Letter to Rethinking Schools

Here is a repost of a letter I just submitted to Rethinking Schools regarding an article from their Fall 2013 issue.  Will let you know if it gets published in the Summer issue.

Dear Rethinking Schools:
While I am neither a proponent or opponent of charter schools en masse, I have some issues concerning Stan Karp’s article on charter schools (“Charter Schools and the Future of Public Education,” fall 2013) 

     1) His point that charters have shifted away from “community-based, educator initiated local efforts designed to provide alternative approaches for a small number of students,” only highlights the efforts of national charters (e.g. KIPP, Mastery, Green Dot, et al) it does not take into account the significant numbers of local community based charters who do have the best interest of their students, parents and teachers at heart.  More importantly for some, it also does not highlight that there are an increasing number of charters who are unionized.

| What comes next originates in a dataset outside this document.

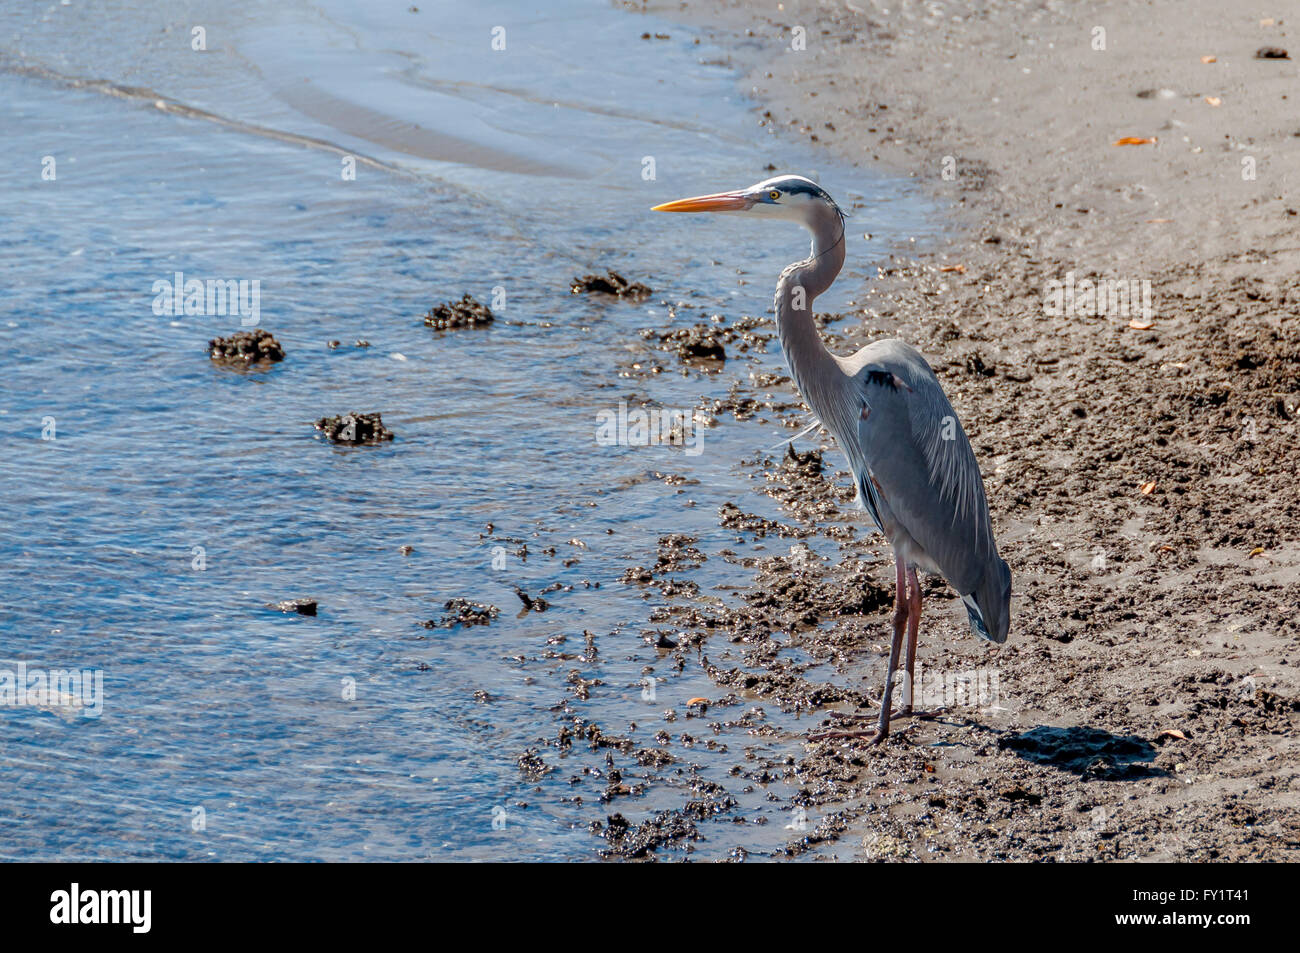 Great blue heron bird stands on sand beach at water's edge, Sea of Cortez and La Paz Bay, Baja, Mexico, horizontal / landscape. Stock Photo

      2) If education advocates want to eliminate or greatly reduce the influence of high-stakes testing, why do people insist on using it as a metric to either praise (rarely) or critique (more often) charter schools?  There are a significant number of other metrics people can cite which articulate the distinctions between all types of healthy performing schools and those that are underperforming.  For example, parent satisfaction, college acceptance and student safety are but three metrics that could be used rather than exclusively high stakes test scores.

       3) It is my belief, perhaps naively, that charters were never created to “take over” a school district (acknowledging the extreme case of New Orleans as an exception).  I think it is more appropriate to view charters as a one mechanism in the toolbox of school choice, much like magnet schools, gifted programs, alternative schools for pregnant girls, etc, are options for students. Why do we spend so much effort on critiquing when we should be looking at best practices from all types of healthy performing schools?

          4) There is an explicit, 
         visceral response most people feel whenever the word “segregation” is discussed.  Images of Little Rock, the National Guard and vitriolic parents screaming racial epitaphs and hurling rocks at black children come to mind.  However, in this day and age there is a significant 
      difference between state sanctioned segregation and self-selection (e.g. the work of Freeden Oeur).  If schools are designed to serve neighborhoods, then it is imperative that we have an honest discussion about neighborhoods and their racial and socio-economic structure.  It appears as if this reasoning implies that white (or integrated) schools are the only types of schools that can best serve students of color.

Finally, parents and poverty.  Poverty seems to be the Progressive go to when it comes to critiquing educational choices.  Poverty of the mind, of options, and expectations for children in any educational setting, seems to be more problematic than the distressing financial poverty many students face.  While acknowledging and respecting the obstacles and immense challenges of being financially insecure, it is disrespectful to the sacrifices of hard working parents who want positive academic (and social) outcomes for their children, but who themselves remain in economic distress. 

When it comes to charters and school choice, we need to listen to, and perhaps observe, the choices parents are making.  Schools of any type cannot exist without students.  If there is a proliferation of charters and those charters are turning away students because of enlarged waiting lists, we have to examine why this is occurring.  Yes, it can be because of the influx of influential external forces, but it can also be community driven.  We must be able to have the conversation about both the inorganic and organic forces of school choice in a more honest and respectful manner.